The Aspen Music Festival and School (AMFS) is a classical music festival held annually in Aspen, Colorado.

It is noted both for its concert programming and the musical training it offers to mostly young-adult music students. Founded in 1949, the typical eight-week summer season includes more than 400 classical music events—including concerts by five orchestras, solo and chamber music performances, fully staged opera productions, master classes, lectures, and children's programming—and brings in 70,000 audience members.

In the winter, the AMFS presents a small series of recitals and Metropolitan Opera Live in HD screenings.

As a training ground for young-adult classical musicians, the AMFS draws more than 650 students from 40 states and 34 countries, with an average age of 22. While in Aspen, students participate in lessons, coaching, and public performances in orchestras, operas, and chamber music, often playing side-by-side with AMFS artist-faculty.

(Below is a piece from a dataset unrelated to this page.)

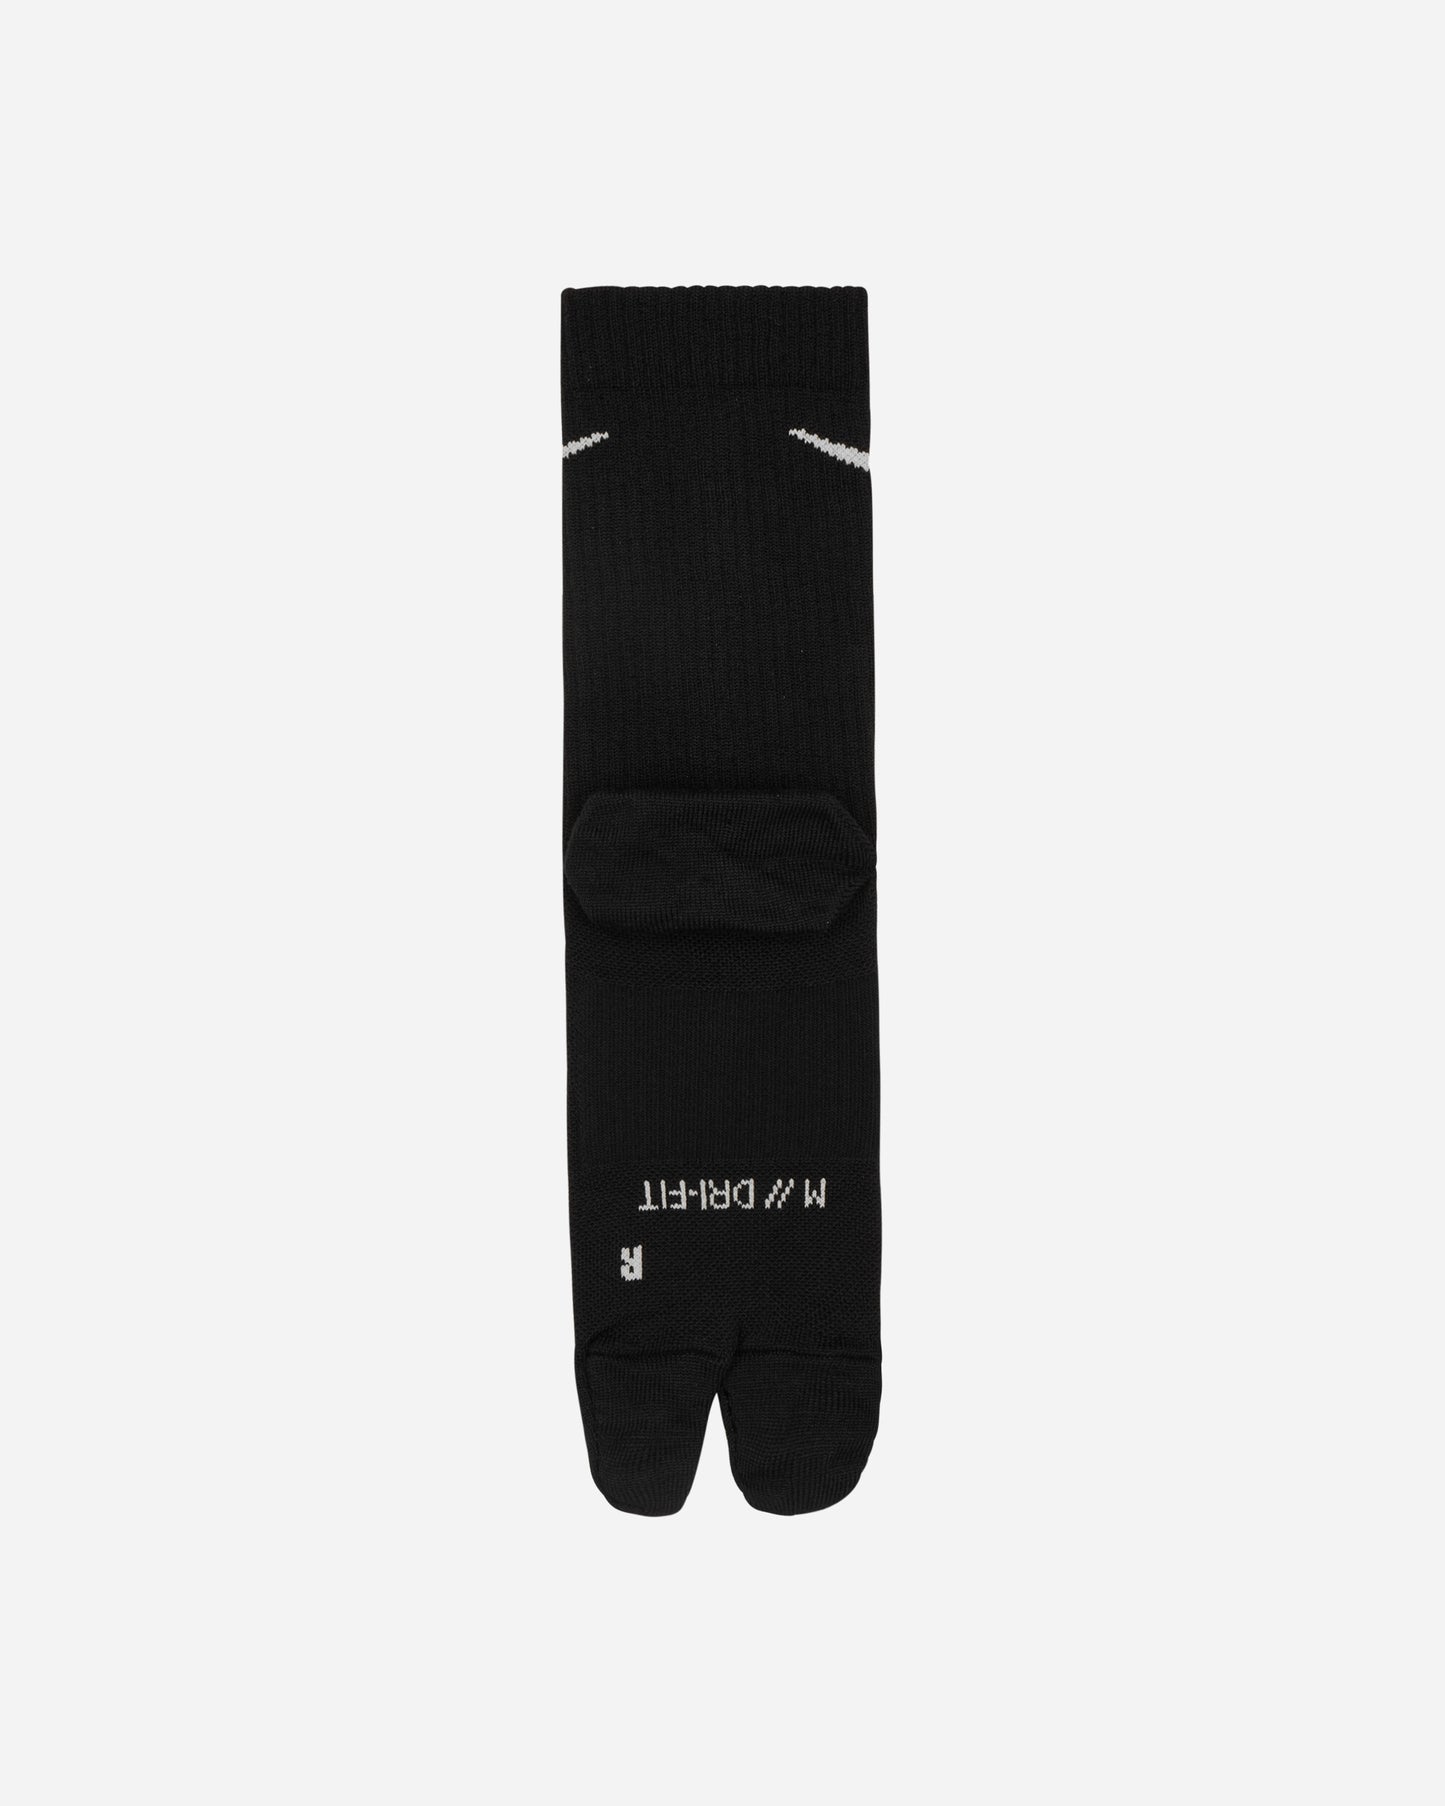 Nike U Nk Ed  Pls Ltwt Crw 160 Tab Black/White Underwear Socks DX1158-010

The organization is currently led by President and CEO Alan Fletcher and Music Director Robert Spano.

==History==
The Aspen Music Festival and School was founded in 1949 by Chicago businessman Walter Paepcke and Elizabeth Paepcke as a two-week bicentennial celebration of the 18th-century German writer Johann Wolfgang von Goethe. The event, which included both intellectual forums and musical performances, was such a success that it led to the formation of both the Aspen Institute and the Aspen Music Festival and School.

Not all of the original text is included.